What is Managed Care?
Managed care plans differ from traditional indemnity plans in many ways. Traditional plans allow participants to see any physician they choose, and utilization of services generally is not restricted. There are no limitations on fees, although “Usual, Customary and Reasonable” (UCR) charges limit what a plan will pay. The more care physicians and other health care providers give, the more revenue they receive. There is little concern that a patient will not receive necessary treatment. In fact, many critics of traditional plans claim they encourage unnecessary treatment.
In contrast, managed care plans limit choice of physicians and health care facilities and tightly control both the utilization of services and the amount charged for these services.

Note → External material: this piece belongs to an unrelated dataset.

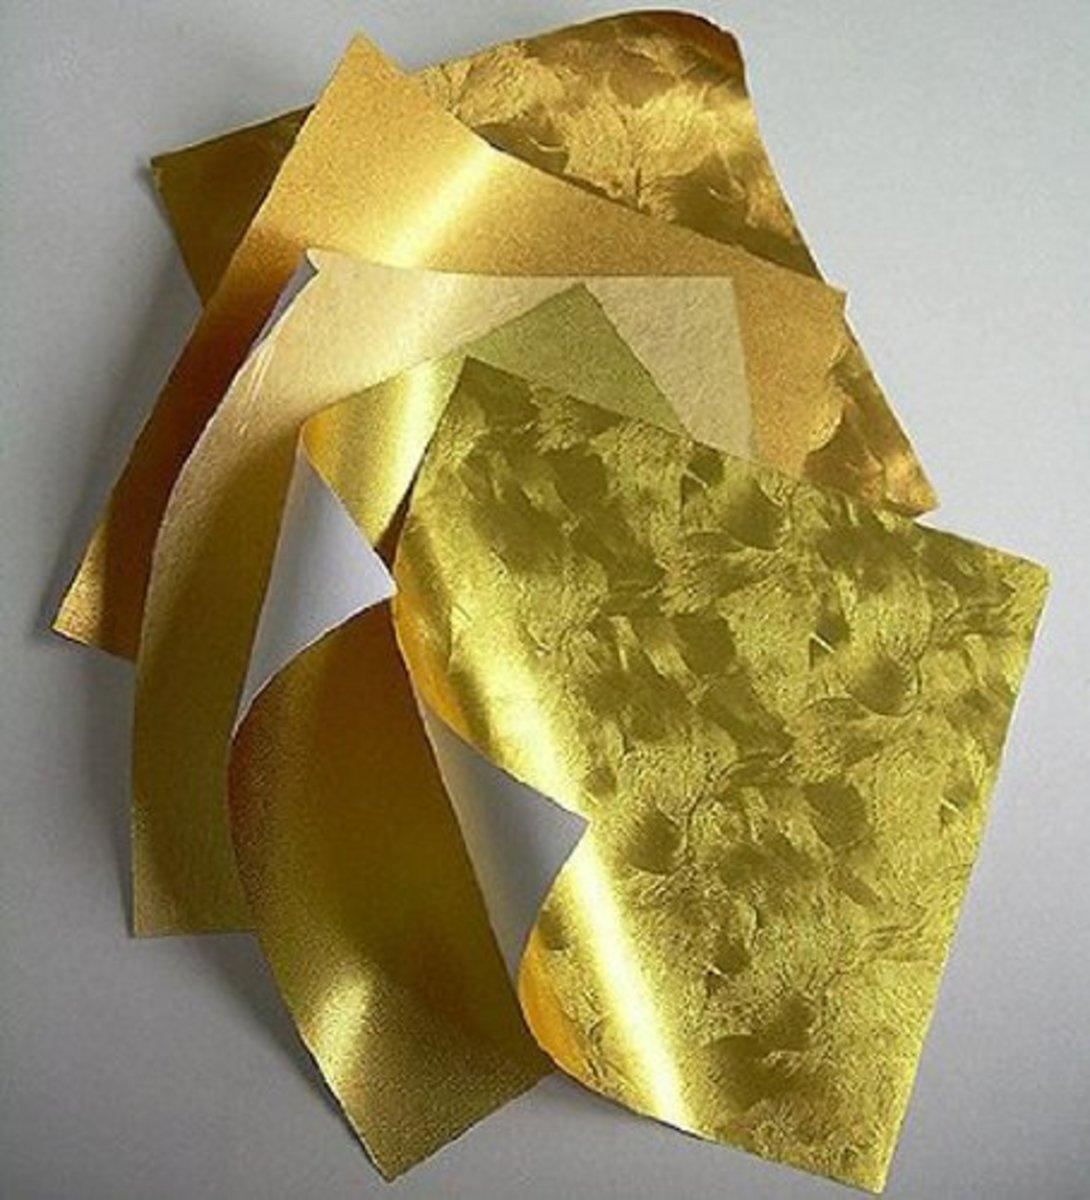 Origami Paper Sheets Gold Metallic Assortment

In many plans, a set fee per person/per month, known as a “capitated rate,” is negotiated between health care purchasers and providers. This rate is the same no matter how much or how little care a person receives. This can encourage incomplete advice and inadequate treatment.
The most common form of managed care, the Health Maintenance Organization (HMO), has been around for years and has a history of solid union support. Currently, though, most managed care plans, particularly HMOs, are run by for-profit companies. These newer for-profits are underpricing older non-profit HMOs. Competi-tion is fierce. All plans are constantly looking for ways to cut costs and increase their market share.
A growing number of workers, including many AFSCME members, now have only managed care plans from which to choose, if they have any choice at all. Whether this is good or bad depends on the quality of the plans, how the plans are selected and what requirements are set out in the contract between the health plan and the payer, typically the employer but sometimes a benefits trust. What is certain is that the emergence of managed care has changed the nature of health benefit negotiations. With indemnity plans, unions did not need to be overly concerned with which carrier provided the insurance. What was important was what services were covered and how much employees paid out of pocket. Managed care has changed that. Managed care plans must be evaluated carefully. The process of selecting doctors and facilities, how care is monitored, and hours of operation and location, are all important determinants of quality and access for our members. The inclusion of unionized facilities in managed care networks can help ensure quality, as well as preserve union jobs.
As the name implies, managed care plans manage health care services. This means that the plan itself sets guidelines for determining when given surgeries are needed, what tests are appropriate, how long a patient should remain in the hospital, and so on. These measures may prevent unnecessary surgeries and needless tests, which are all too common in American medicine. If care management programs are based on sound medicine, as compared to economic expediency, and operated by qualified medical personnel, the result can be better care at a lower cost. But if a push to cut costs takes precedence over clinical considerations, care management programs become a dangerous problem. With a bad managed care program, a test or procedure described as covered in the plan description can be, in fact, unavailable in certain situations. Many have argued that the focus of managed care has been to manage costs.
The three main types of managed care plans are Health Maintenance Organizations (HMOs), Preferred Provider Organizations (PPOs) and Point of Service (POS) plans.
- A HMO is a plan that provides comprehensive health care services, with an emphasis on preventive care, for a fixed (capitated) payment. HMOs are the most stringent form of managed care. Participants must select a primary care physician, who acts as a “gatekeeper” for most services covered by the plan. If the patient does not channel care through the gatekeeper and obtain care at one of the HMO’s participating facilities, it is generally not covered under the plan.
There are two basic types of HMOs — the group or staff model and the independent practice association (IPA). These two models are sometimes referred to as non-network (group/staff) and network (IPA) HMOs. Under the group/staff model, the plan’s doctors share facilities and equipment. Some are employed by the HMO while others are compensated in other ways, such as a capitated rate per person. In an IPA model, physicians are organized like an HMO, but practice in their own offices. IPA doctors often have a mix of patients, some belonging to the HMO and some not. IPAs tend to have more doctors than the group/staff model and tend to be more geographically dispersed.
- A PPO falls between an HMO and a traditional indemnity plan. Patients choose from a network of physicians and facilities who have agreed to discount the cost of services, but are paid for each service rendered. Different providers may be selected at any time and the patient is not required to select a primary care provider. Payment is based on a set fee schedule. Physicians are not permitted to charge patients more than the agreed-upon fees. Financial incentives (lower deductibles and copayments) encourage participants to use in-network providers.
- A POS plan is one that includes some type of managed care option, but allows participants to go outside of the managed care network by paying more. The first POS plans typically included a HMO, a PPO and an indemnity plan option. Now most POS plans are simply HMO plans with an opt-out feature. POS plans are often referred to as open-ended HMOs. As in an HMO, participants select a gatekeeper from the panel of participating doctors, and that gatekeeper directs all care received. Care received in-network typically requires only a small dollar copayment per visit. Unlike true HMOs, POS plans cover care received outside of the network, but the patient will pay more. Typically, the higher cost sharing is in the form of deductibles and percentage copayments.